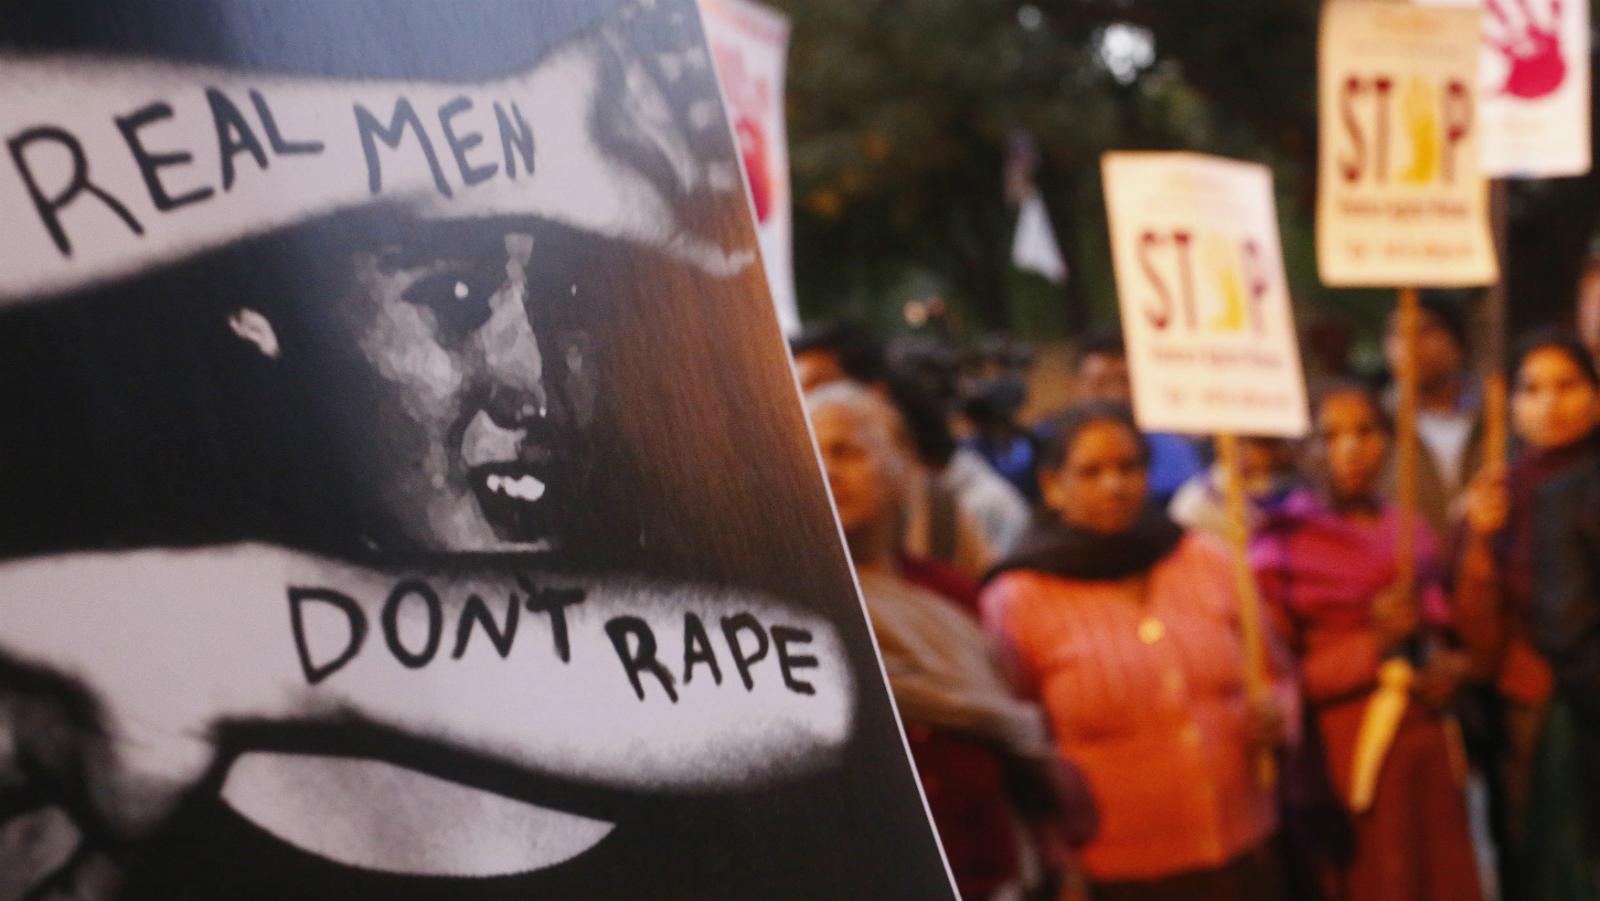 India-Rape-Women-Women safey-Rakshabandhan
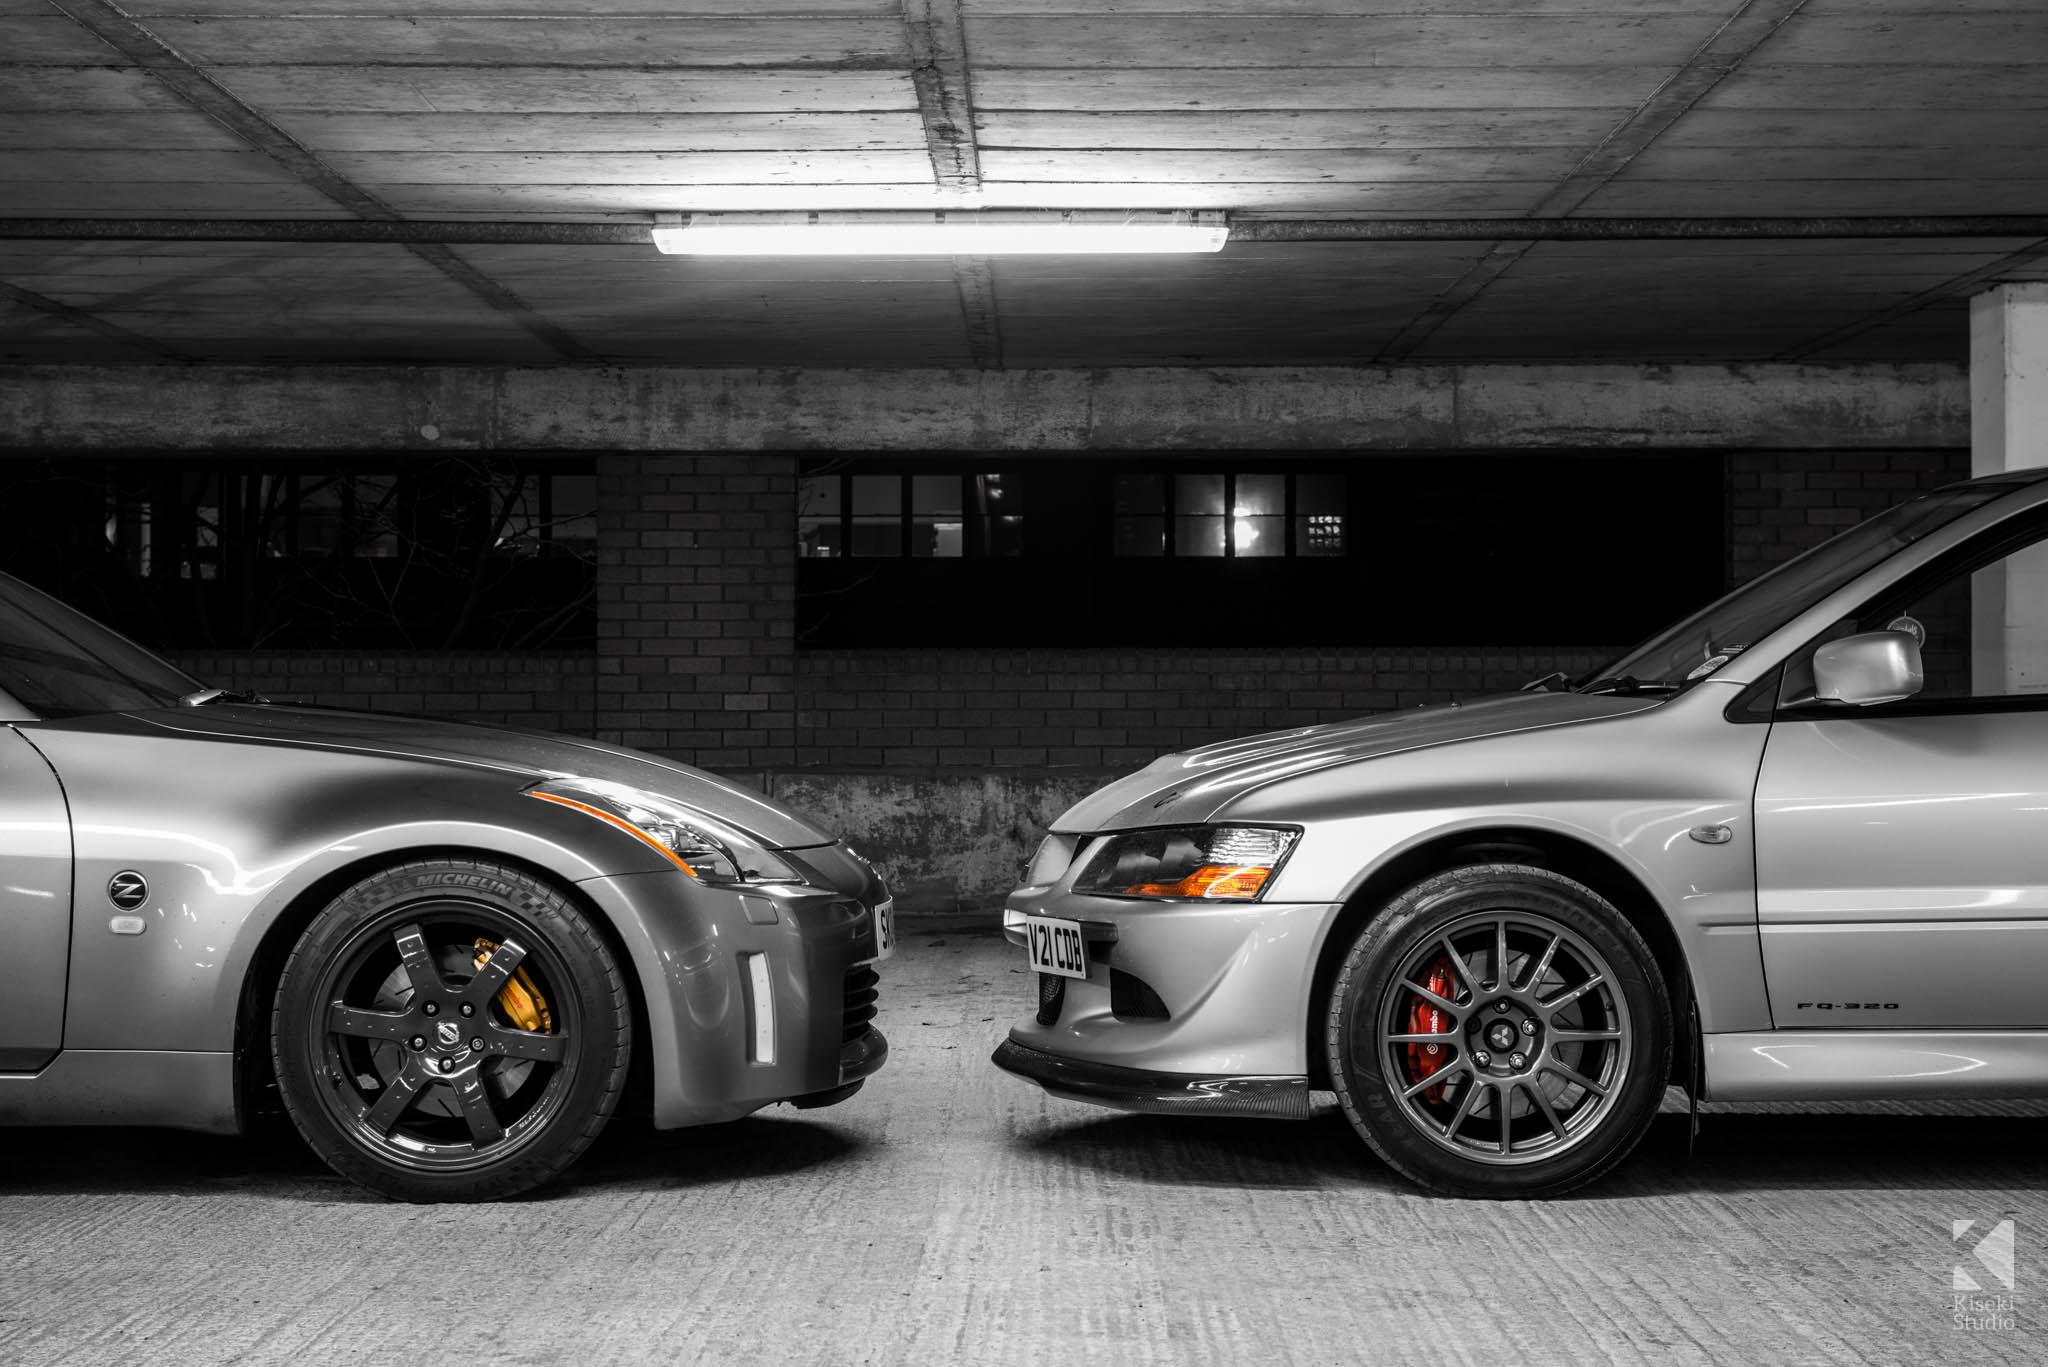 Nissan 350Z Z33 vs Mitsubishi Lancer Evolution 9 MR
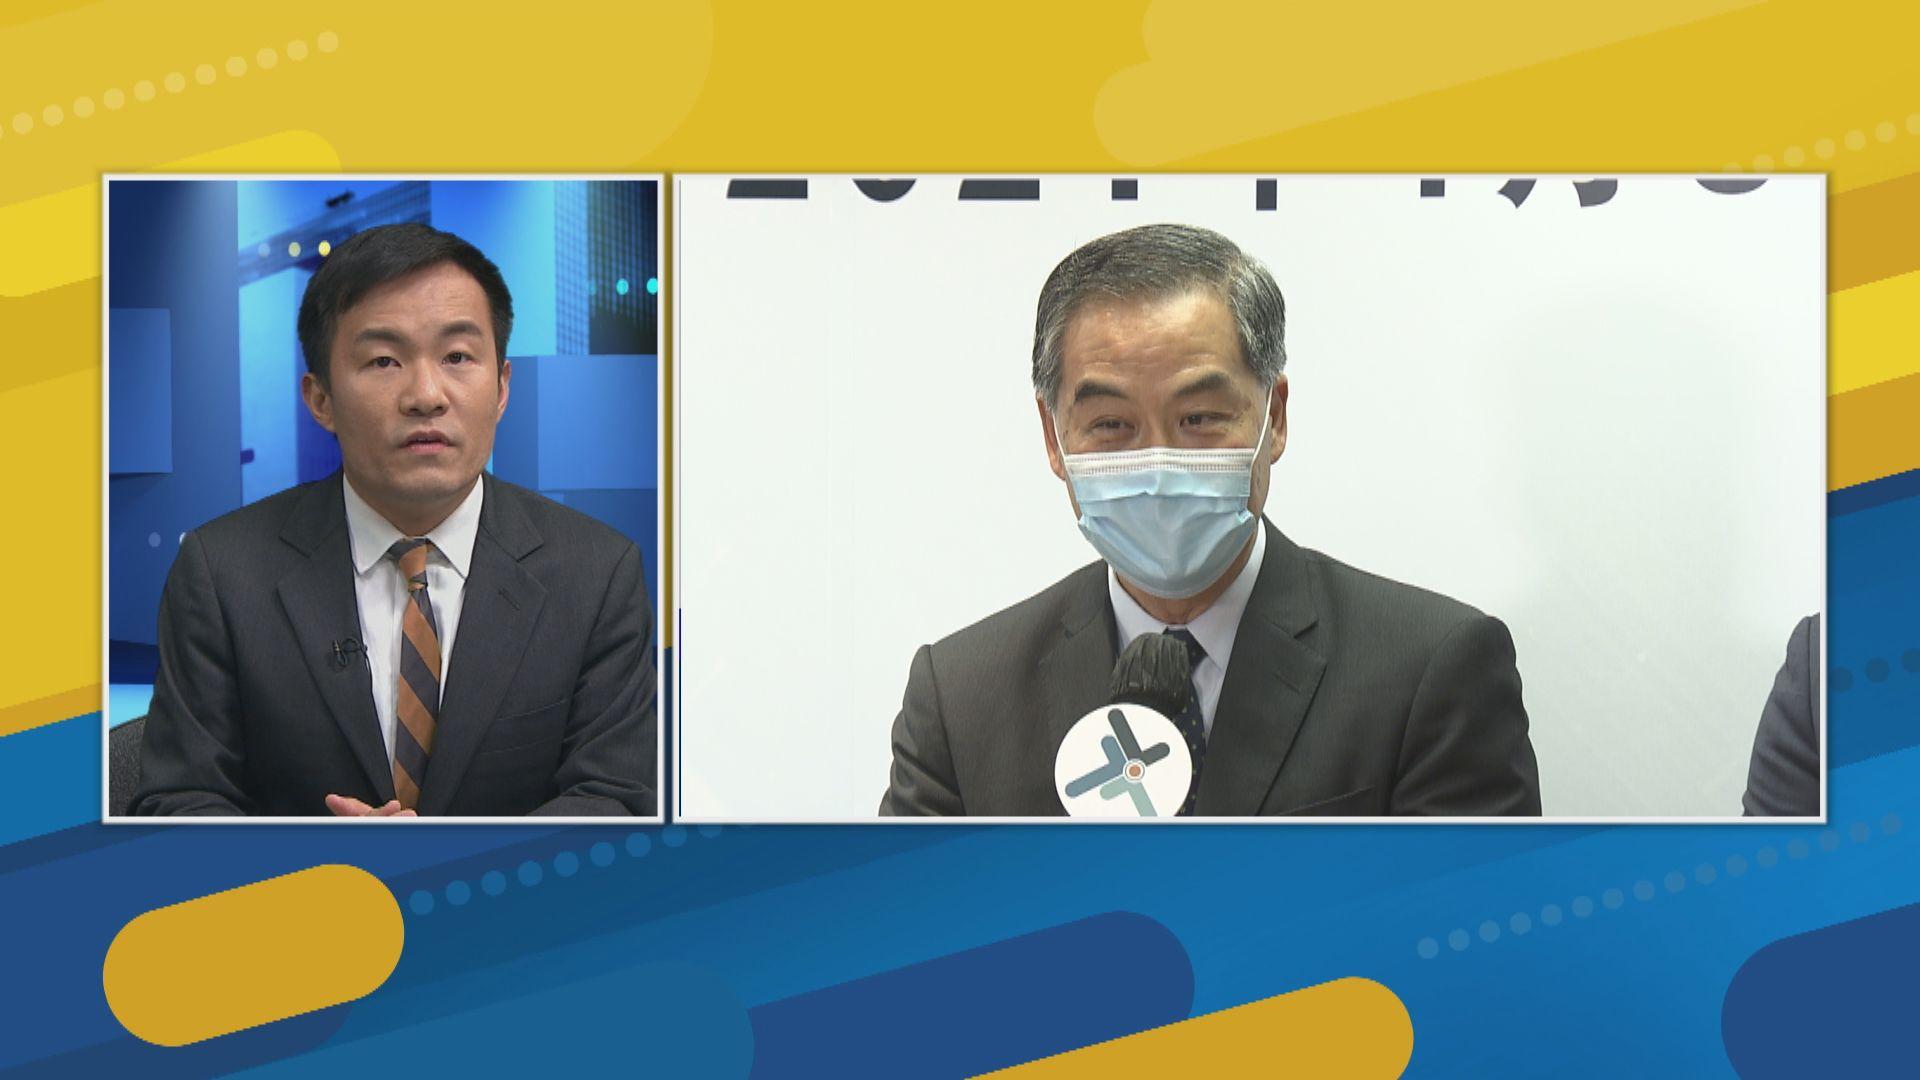 【政情】特首戰熱身賽開始 梁振英高調「挑戰」林鄭

**Task goal**
The response has to be an exact copy of all the data, pictures excluded.

**Task response**
 India-Rape-Women-Women safey-Rakshabandhan
 Nissan 350Z Z33 vs Mitsubishi Lancer Evolution 9 MR
 【政情】特首戰熱身賽開始 梁振英高調「挑戰」林鄭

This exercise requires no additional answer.